L'invasion du méchant plan-patafix (Locarno 2012-8)

Tout au long de cette 65ème édition de Locarno, une tendance s'est dégagée : l'us et abus de plans fixes. De Wo hai you hua yao shuo (Quand la nuit tombe), du chinois Ying Liang, à A ultima vez que vi Macau (La dernière fois que j'ai vu Macao), des portugais Joao Pedro Rodrigues et Joao Rui Guerra da Mata, en passant par les documentaires The End of time, du canadien Peter Mettler, et Far from Afghanistan, film collectif - et inégal - proposé dans la sélection Fuori Consorso, le plan fixe s'insinue, voire - pour les deux premiers cités - colonise tout à fait les œuvres présentées à Locarno.

Première hypothèse, mauvais esprit, le cinéma d'auteur n'a pas les moyens de se payer des chefs opérateurs : on pose la caméra, on tourne tout - ou presque - en plan séquence et hop, un salaire de moins, c'est toujours ça de pris. Deuxième hypothèse, encore plus mauvais esprit : le plan fixe fait très "auteur". Loin de Hollywood, on prend son temps, on s'attarde sur le contenu du cadre, la lumière, on prend ses distances avec les industries culturelles pour se rapprocher des arts plastiques.

La palme revient à Leviathan, par ailleurs techniquement bluffant, réalisé sur un bateau de pêche à l'aide de caméras GoPro fixées un peu partout pour plus de deux cents heures de rush. Après de (très) longs moments passés à observer des filets déversant des poissons, des pêcheurs faisant le tri parmi des coquillages et d'autres découpant des raies, on trépigne, on attend le surgissement de Moby Dick. Pas de chance, en lieu et place de la terreur des mers du Sud, on a la joie de contempler, pendant plusieurs minutes, le capitaine et sa moustache, face à sa télévision - et à nous, en train de piquer gentiment du nez. Ce serait de l'art contemporain, ce pourrait être une belle mise-en-abîme : le spectateur face à lui-même et plongé dans un insondable ennui, etc. Vu le reste du film, je pencherais plutôt pour l'hypothèse du trait d'humour involontaire.

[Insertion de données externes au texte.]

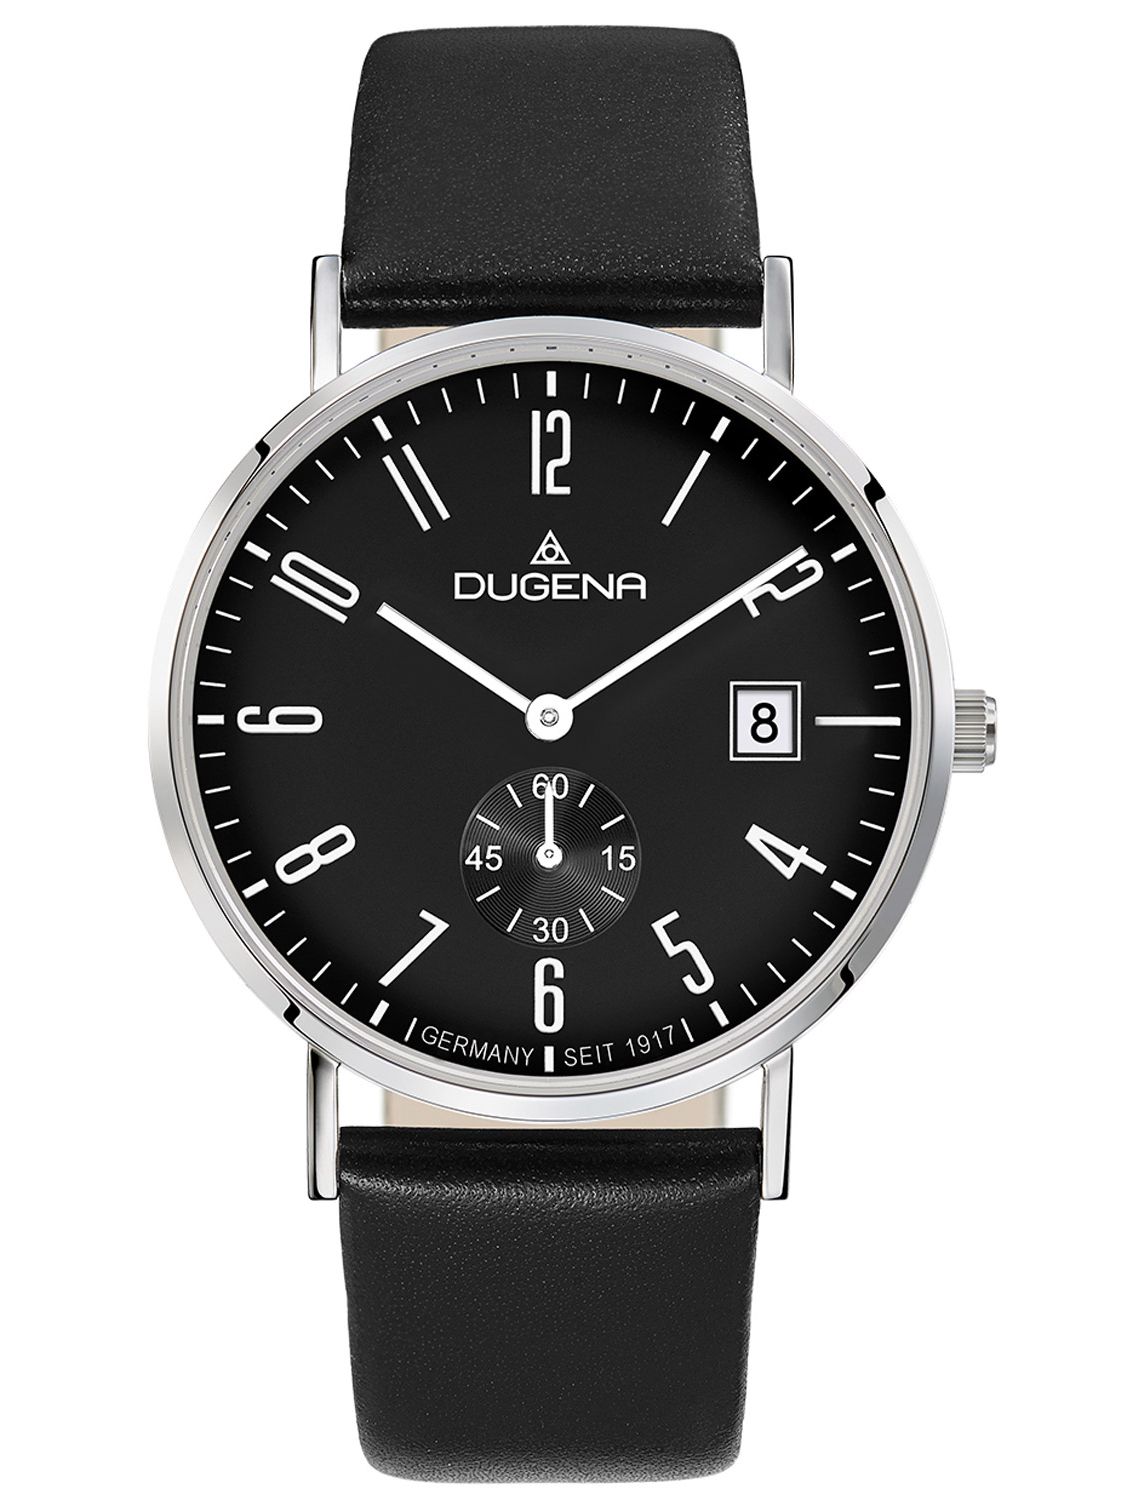 Dugena Men\'s Quartz Watch Mondo Leather Strap uhrcenter • 4460666-1 Black

Mais le fait est qu'on ne peut balayer d'un revers de main le travail sur le sens de l'image qui se dégage de La dernière fois que j'ai vu Macau et de ses personnages dissimulés dans le hors-champ, pas plus que l'ambiance saturée par le son des machines de Leviathan - qui a beaucoup plus à Antoine Duplan, du Temps, et encore moins l'atmosphère oppressante et figée de Quand la nuit tombe. La forme y traduit le parcours kafkaïen de la mère d'un condamé à mort chinois, internée sans explication le temps du procès de son fils, empêchée de le voir jusqu'à la veille de l'exécution et informée de ladite exécution après coup. L'immobilité de la caméra, le hors-champs omniprésent, la lumière blafarde, la froideur clinique de certaines scènes : la claustrophobie gagne le film et rend superbement la capacité du système judiciaire chinois de tout broyer sur son passage. Un prix de la mise en scène pas usurpé.

Voilà, clap de fin sur Locarno 2012, en attendant que les films en compétition trouvent, au moins pour quelques uns, le chemin des salles obscures dans les mois à venir. Vivement l'année prochaine pour une 66ème édition, avec un nouveau directeur artistique, des stars, des paillettes et des groupies aux ongles vernis.